◆ DATA EXCERPT
>>>>>
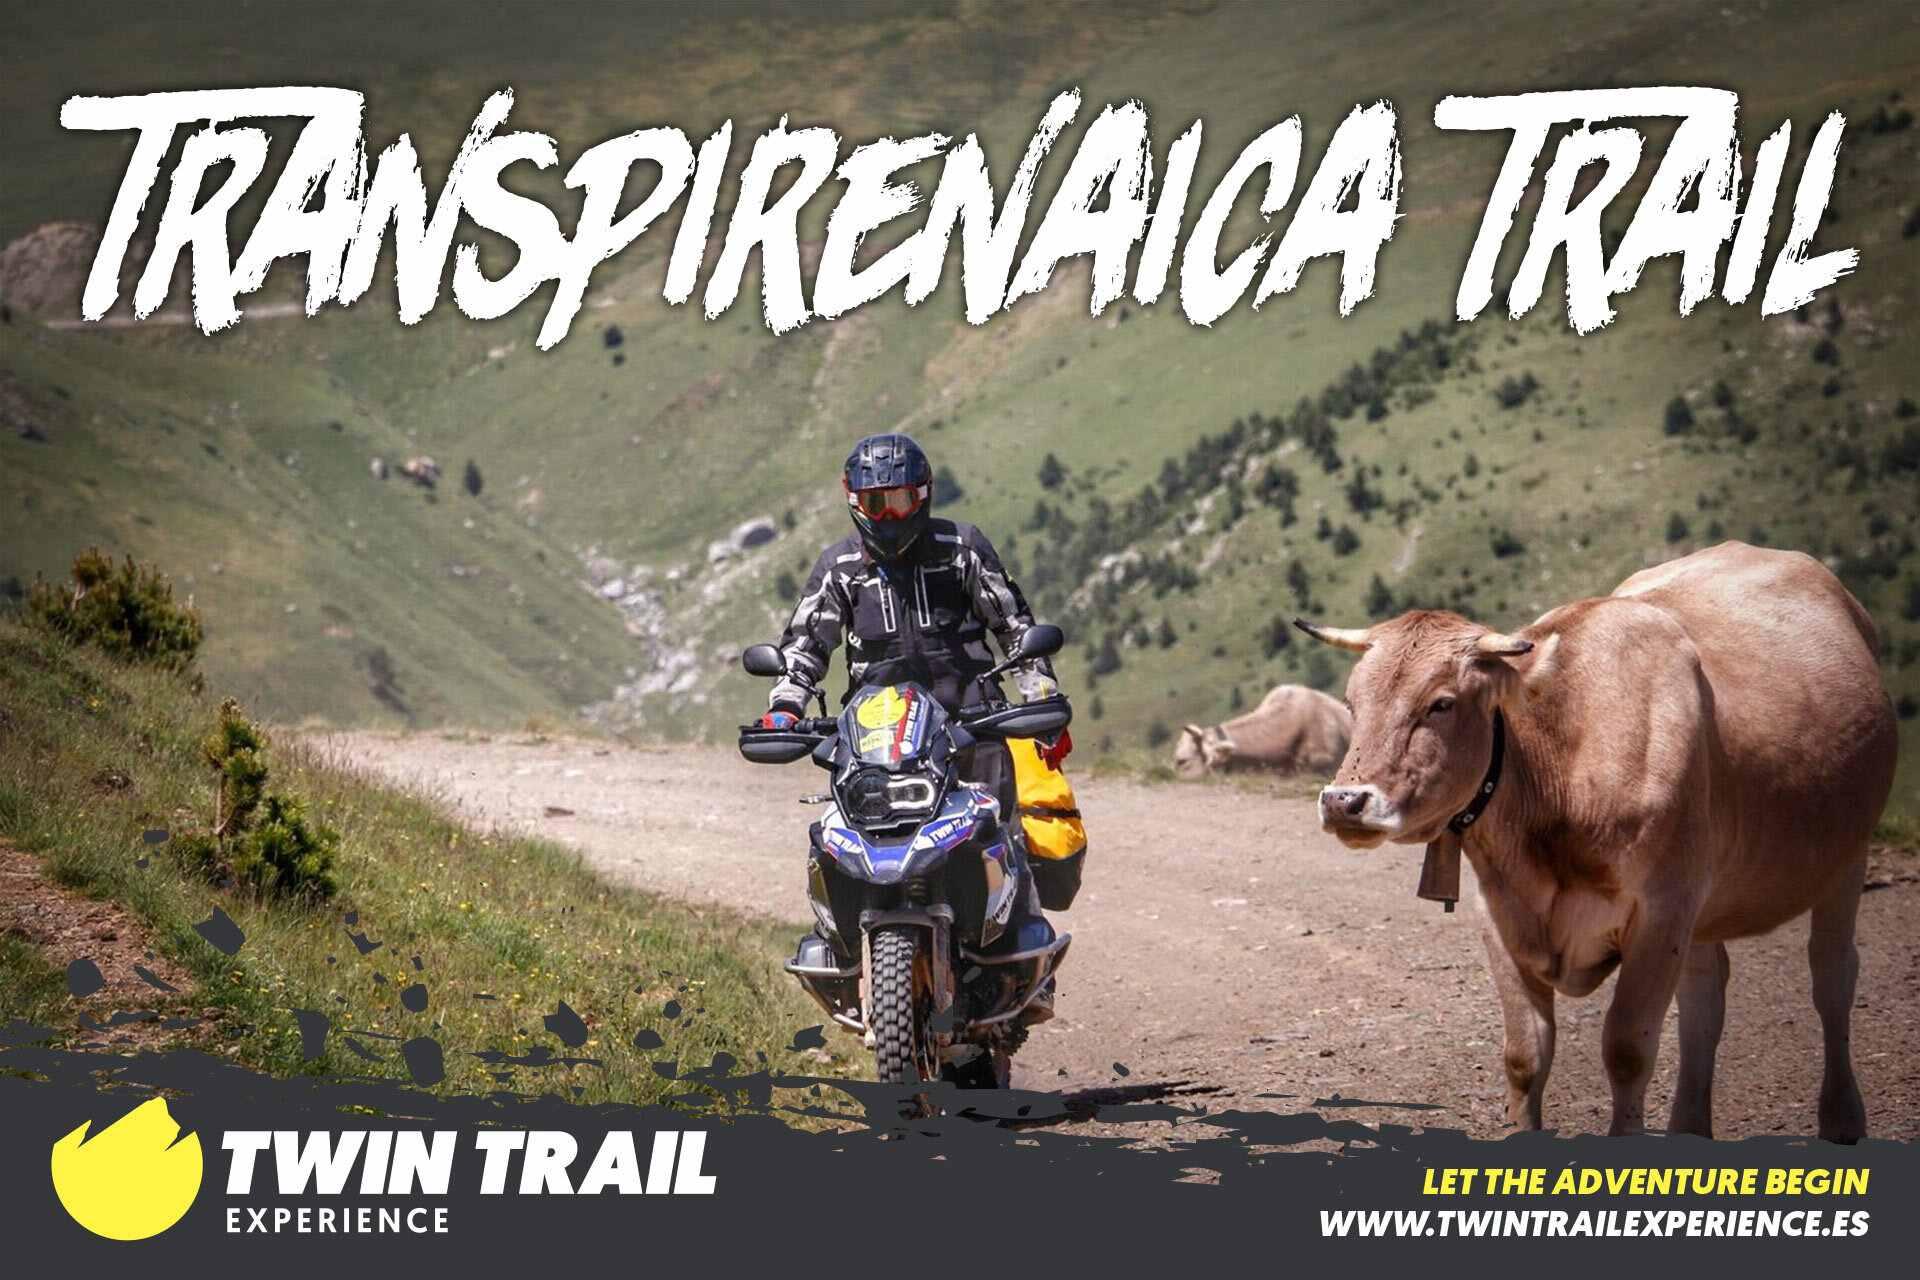 Transpirenaica Trail
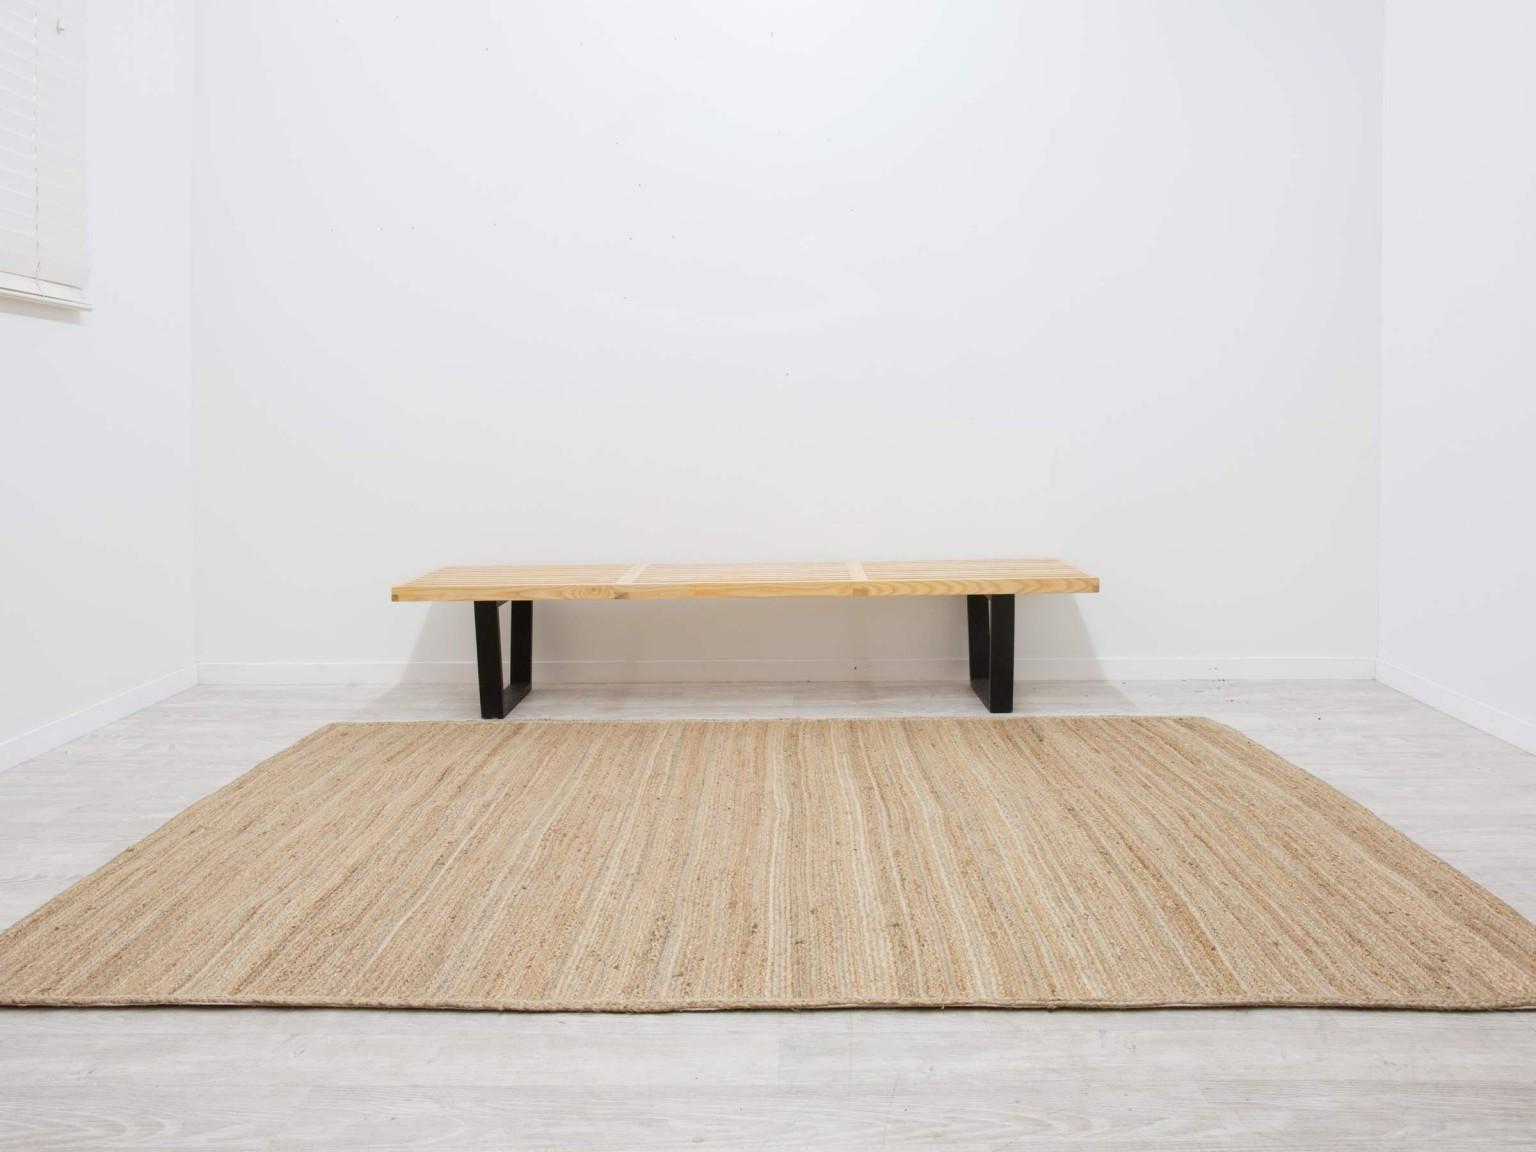 27 Elegant Hardwood Flooring Brisbane Prices 2021 free download hardwood flooring brisbane prices of mocka ruby rug living room decor shop now with mocka ruby rug with nelson platform bench
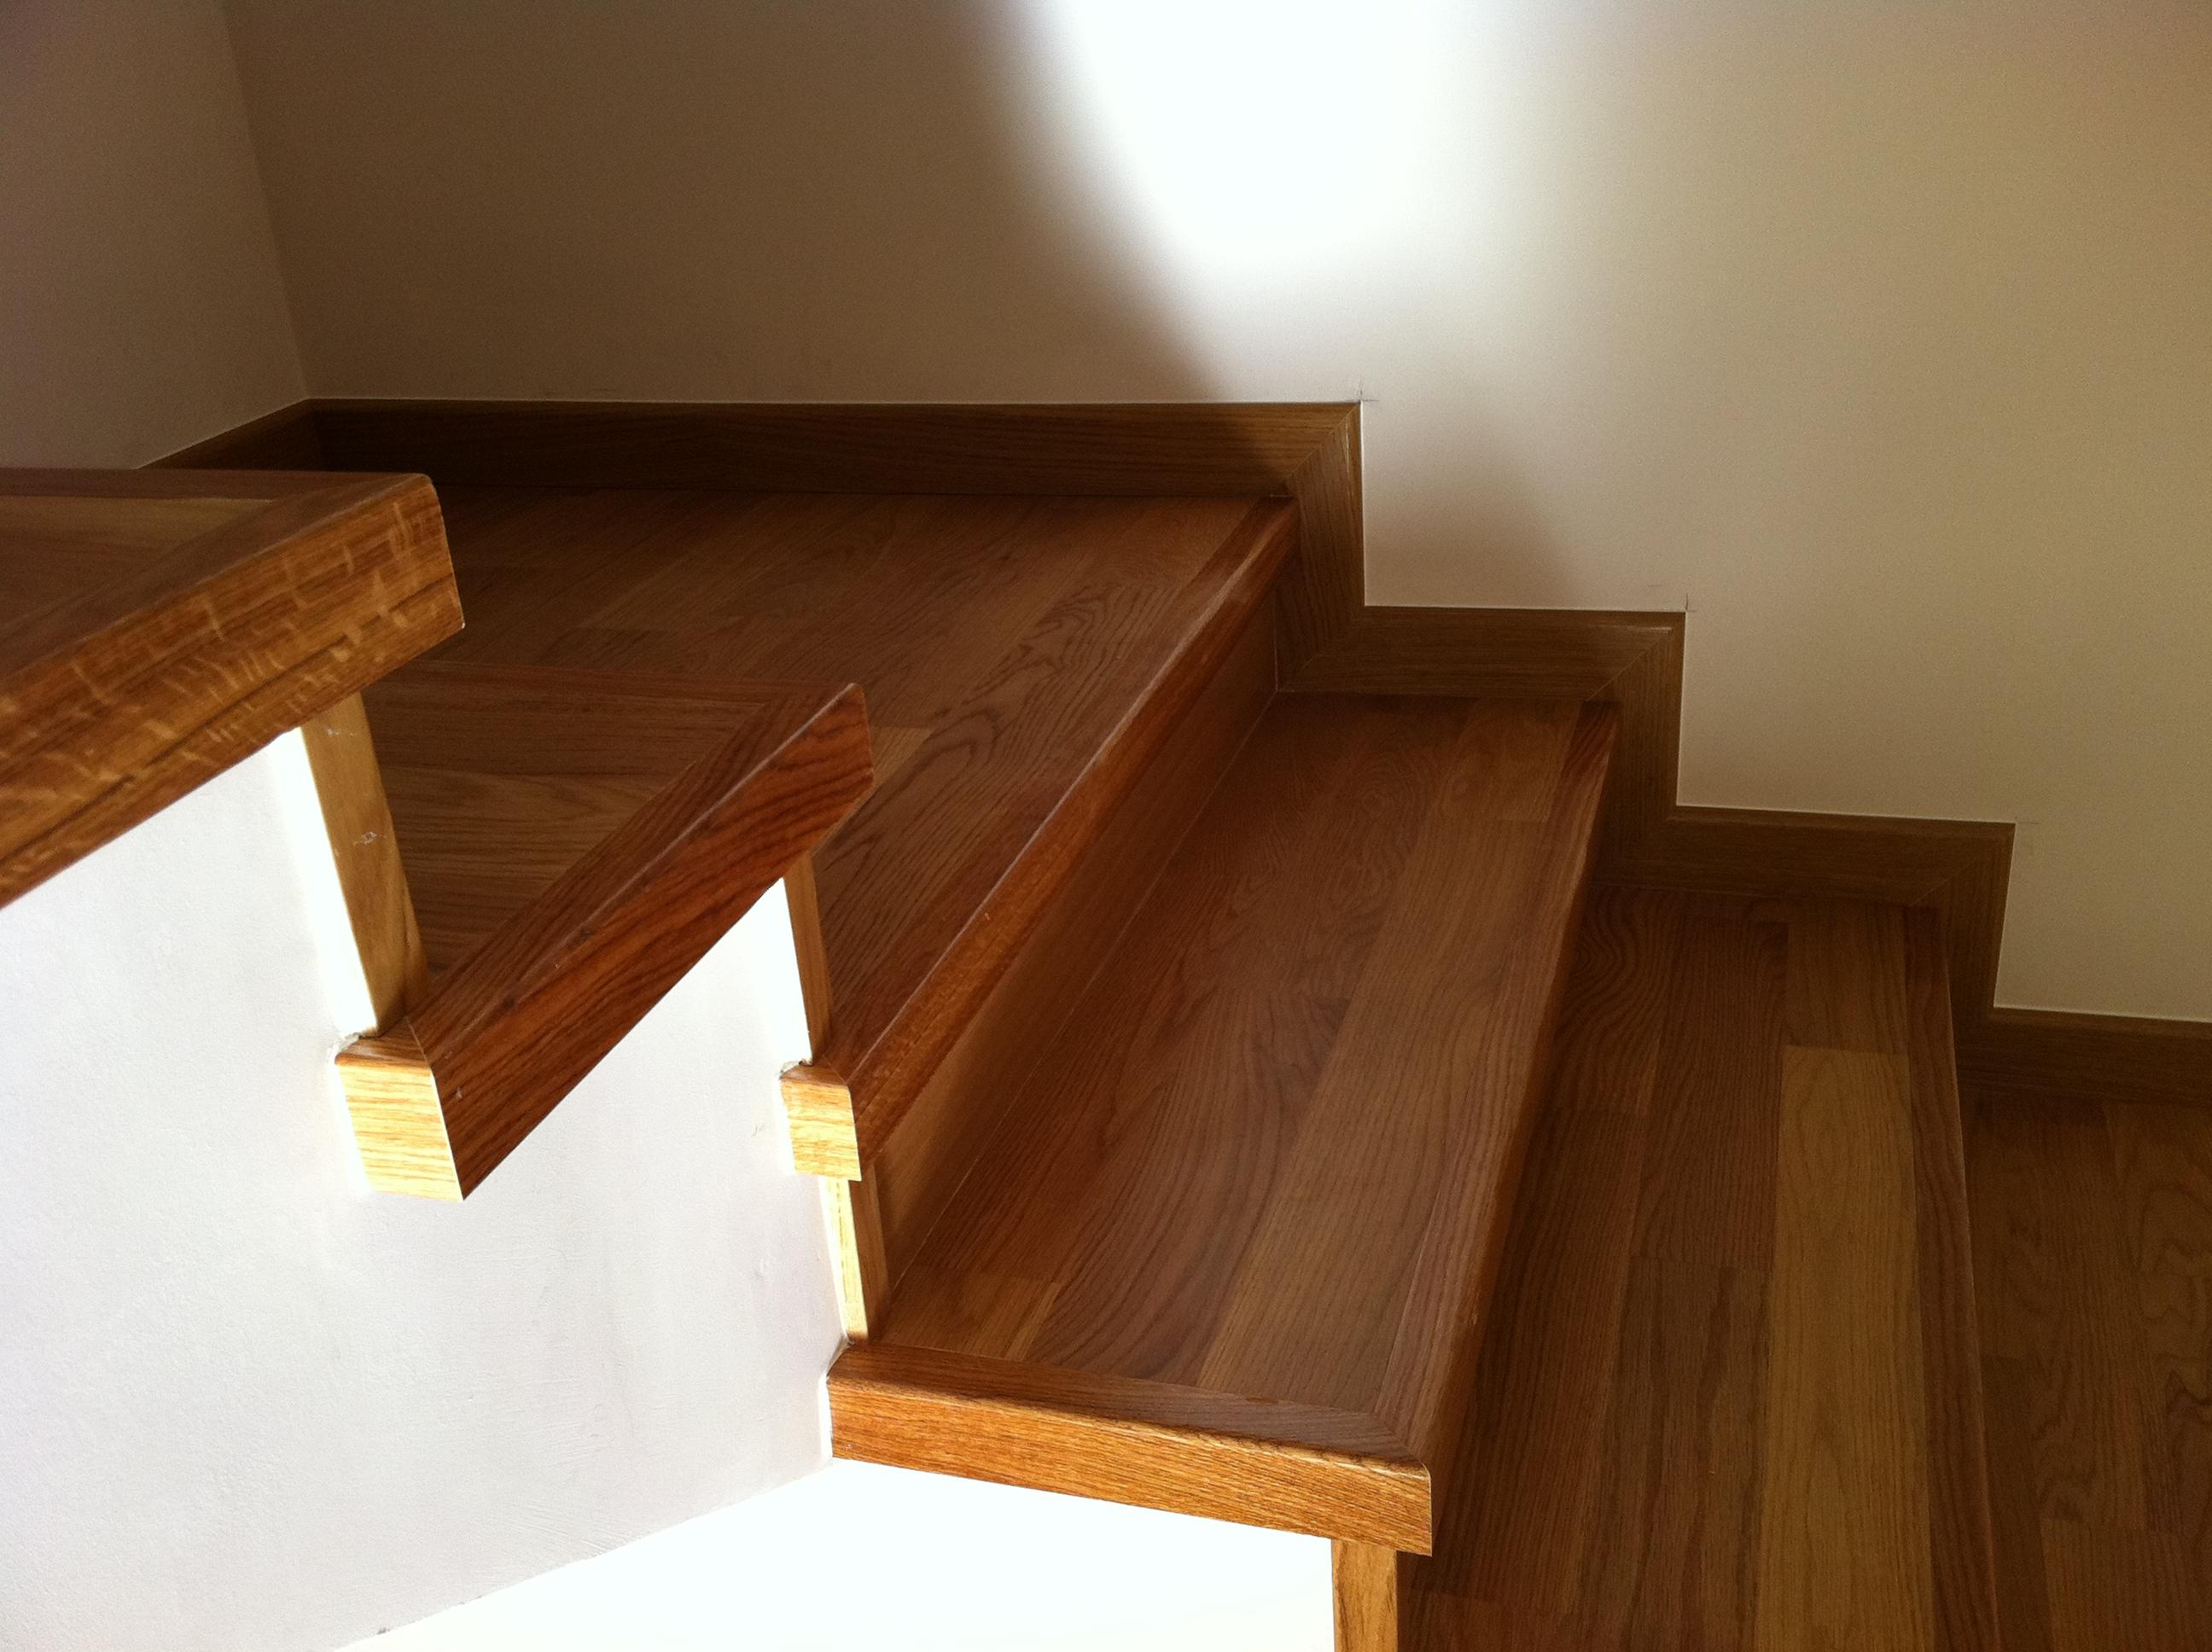 peldanos-de-madera-de-roble-a-medida
<<<<<
◆ TASK STATEMENT
With the pictures removed, set down every line of the listing above exactly.

◆ SOLVED PROBLEM
 Transpirenaica Trail
 27 Elegant Hardwood Flooring Brisbane Prices 2021 free download hardwood flooring brisbane prices of mocka ruby rug living room decor shop now with mocka ruby rug with nelson platform bench
 peldanos-de-madera-de-roble-a-medida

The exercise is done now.